» **Problem to work on**
Retype the following data exactly, but leave its pictures out.

» **Supplied data**
>>>>>

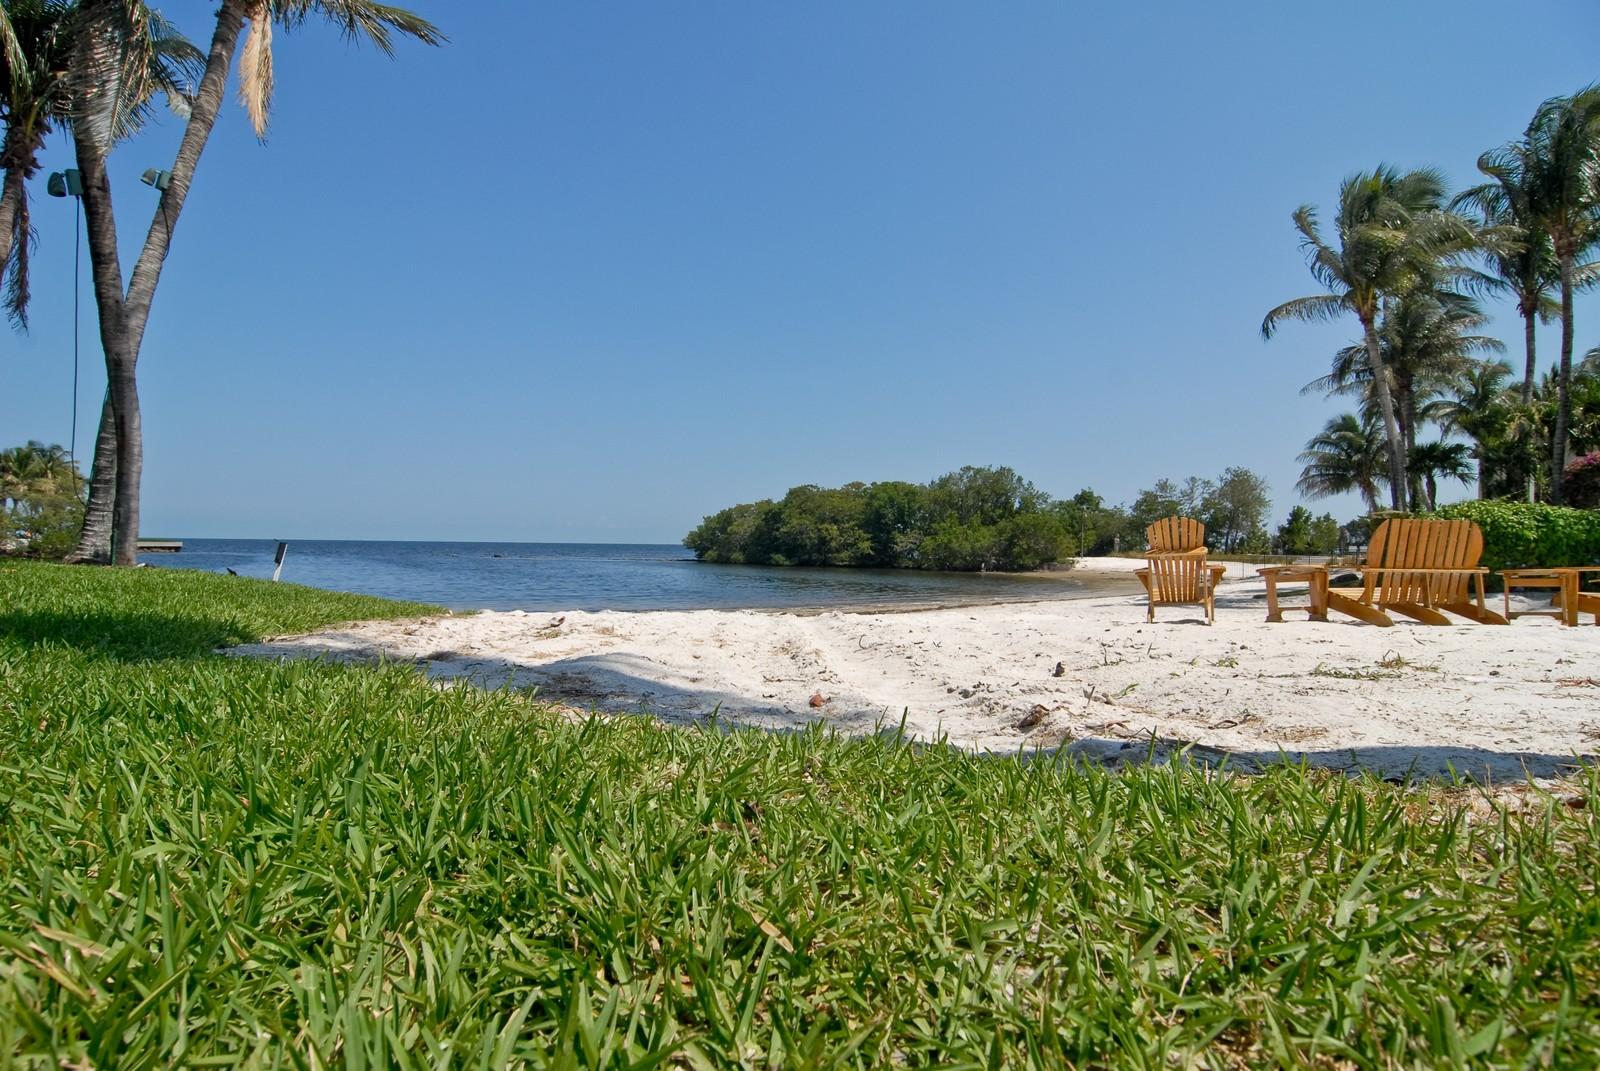 Tahiti Beach C Gables Fl 33143
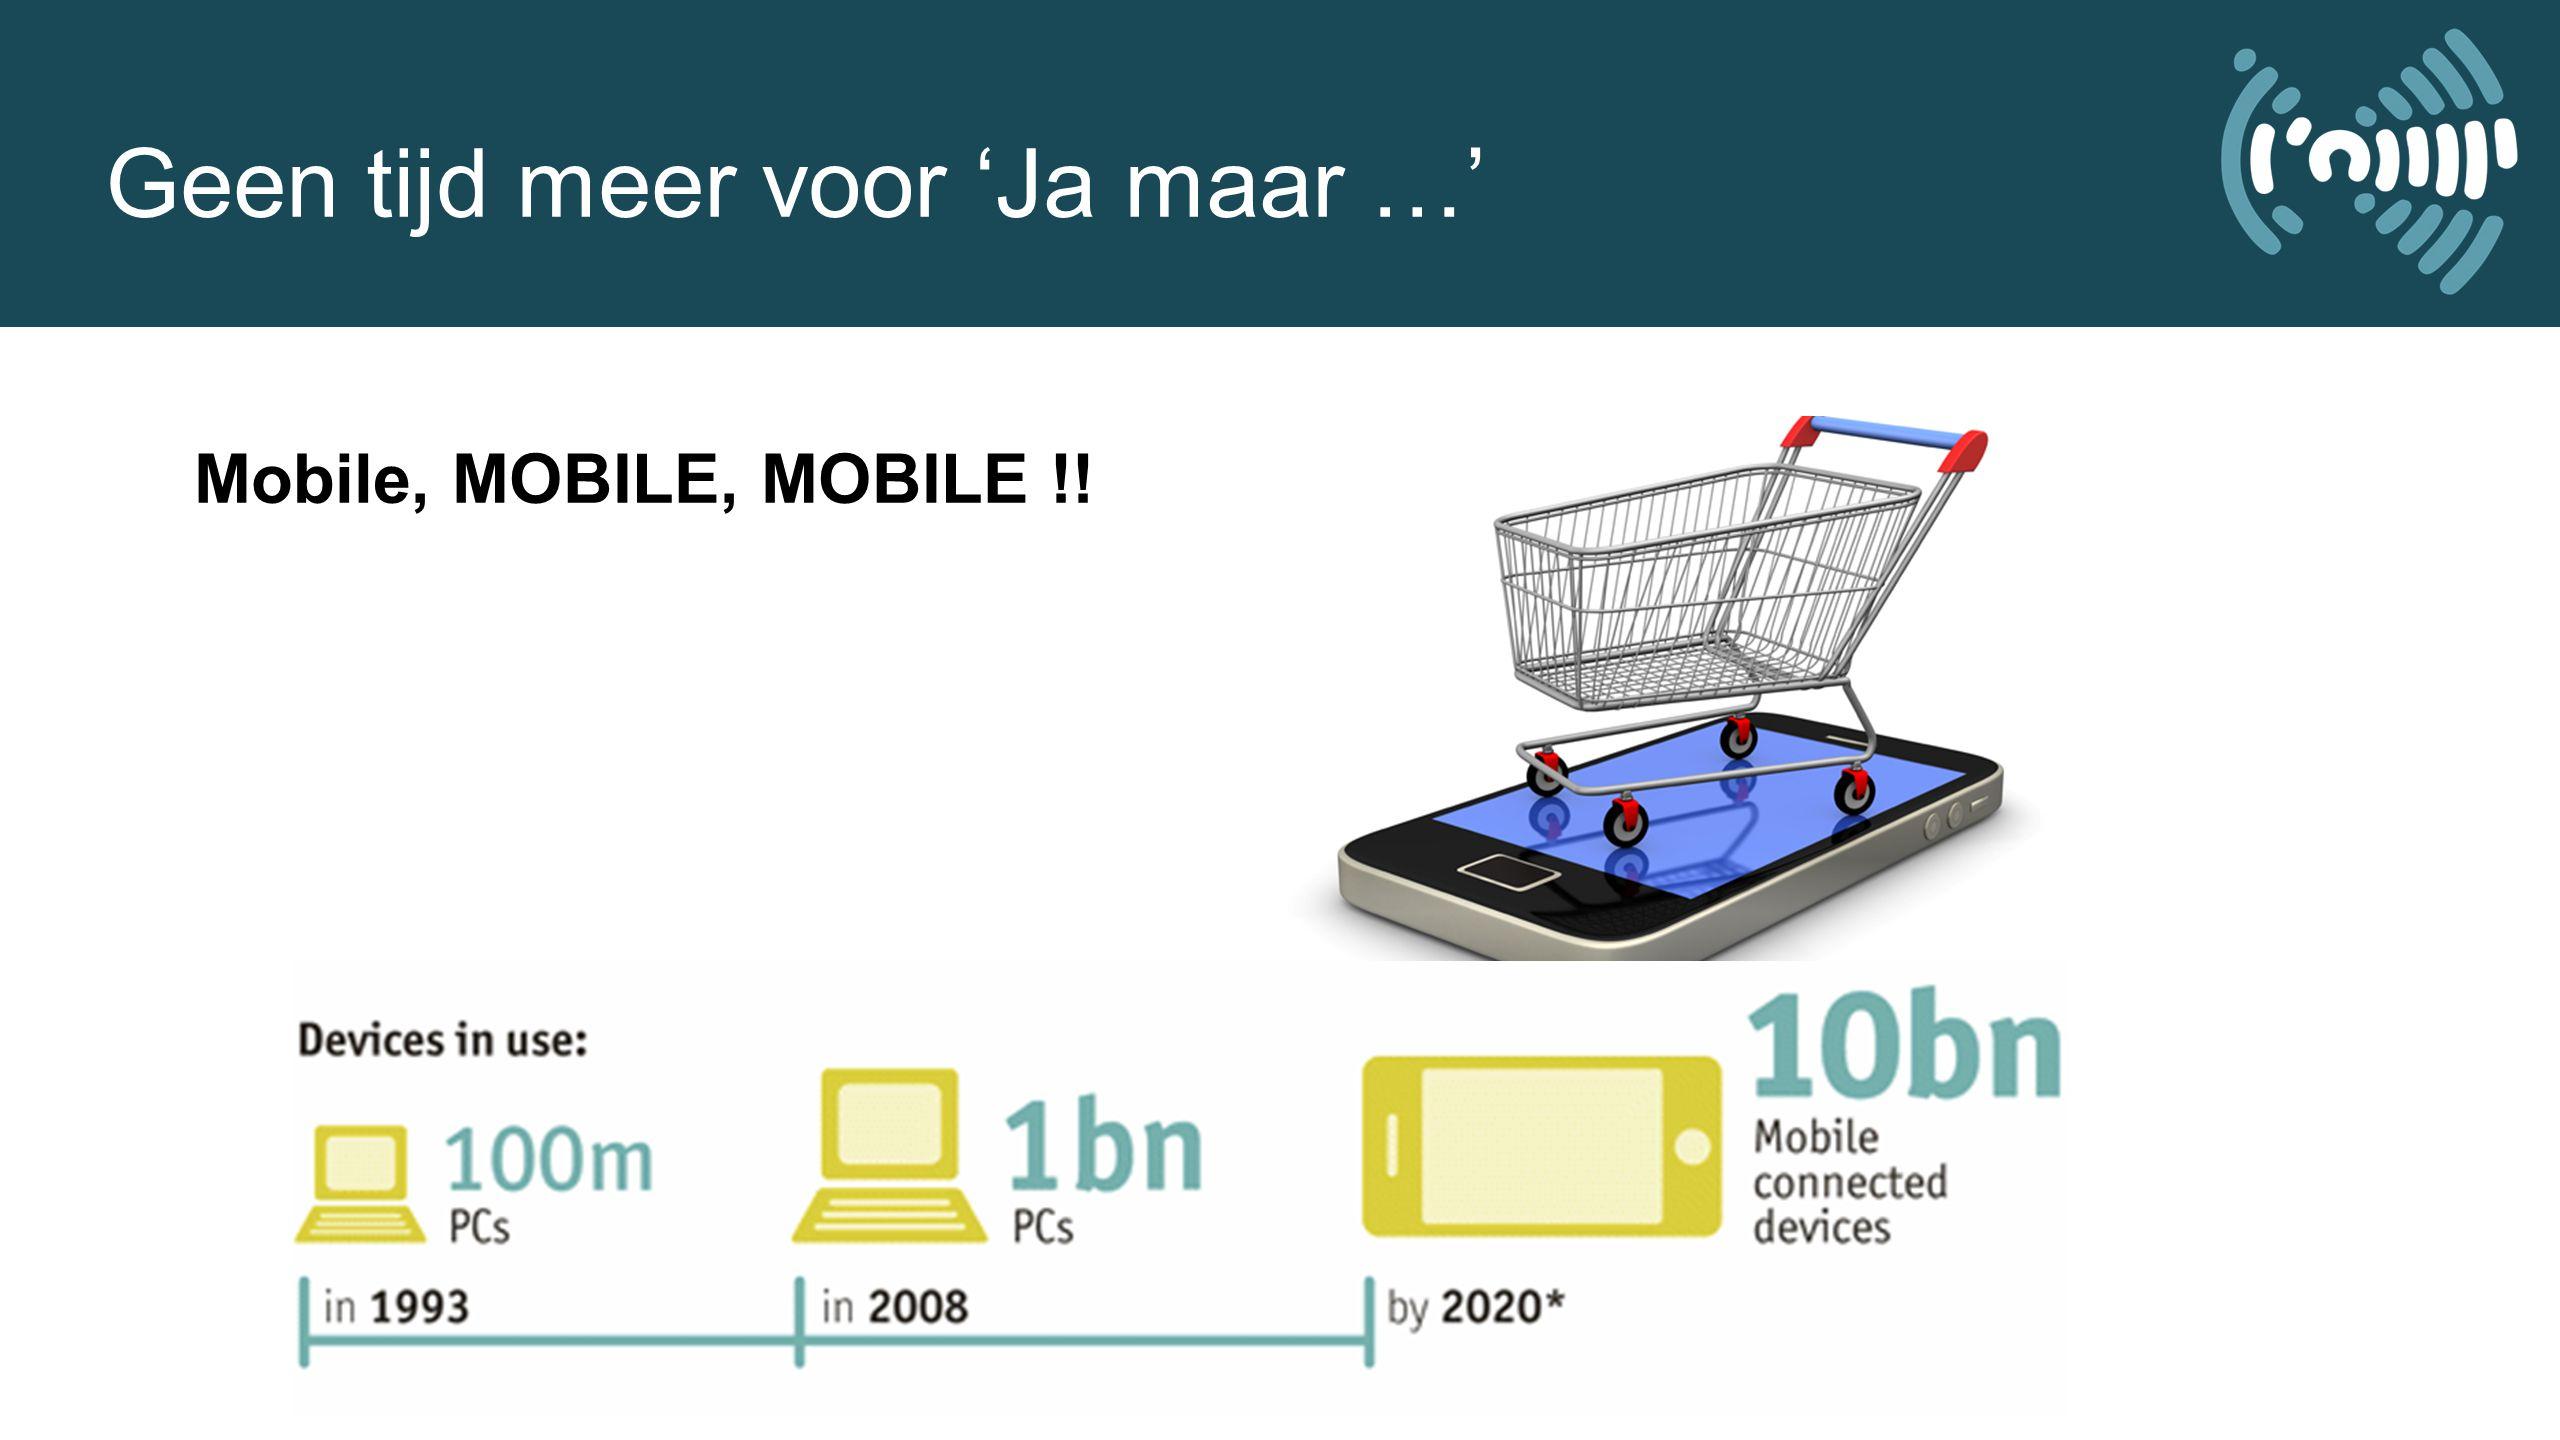 Mobile, MOBILE, MOBILE !!
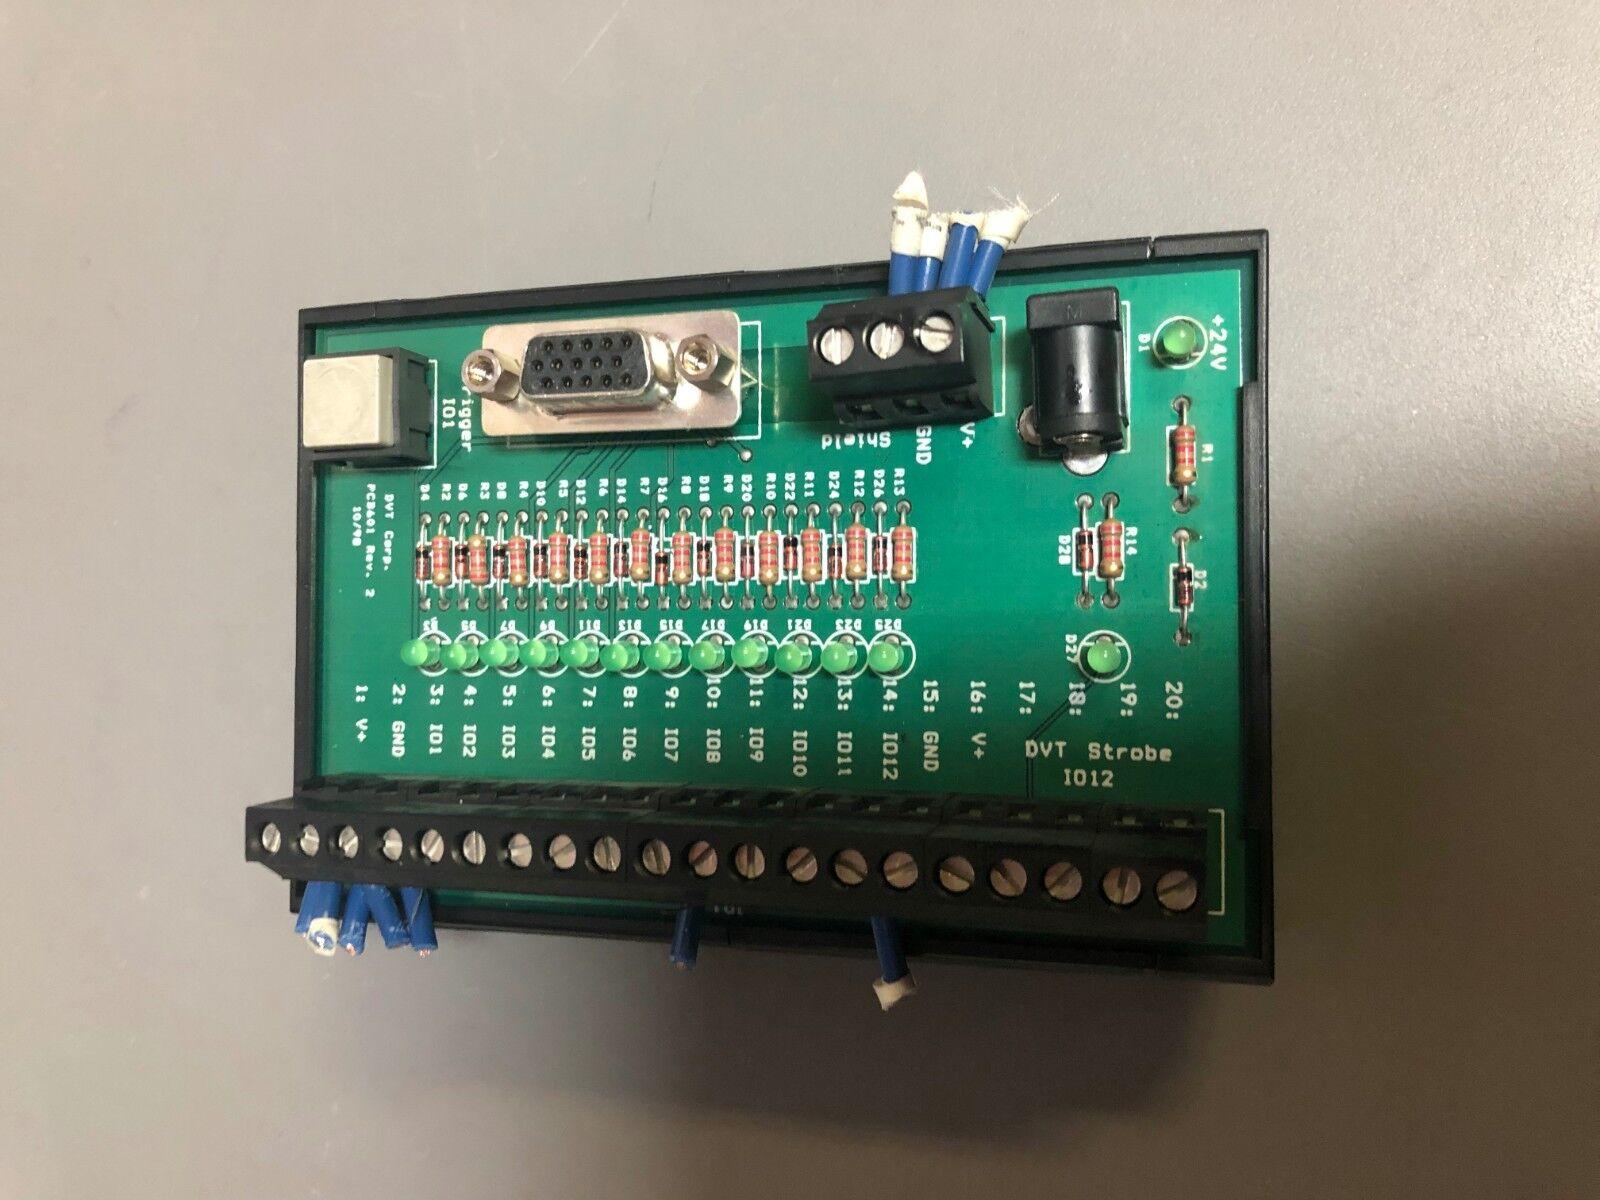 DVT PCB601 Rev 2 5601696 Break Out Board

<<<<<

» **Output for this exercise**
 Tahiti Beach C Gables Fl 33143
 Mobile, MOBILE, MOBILE !!
 DVT PCB601 Rev 2 5601696 Break Out Board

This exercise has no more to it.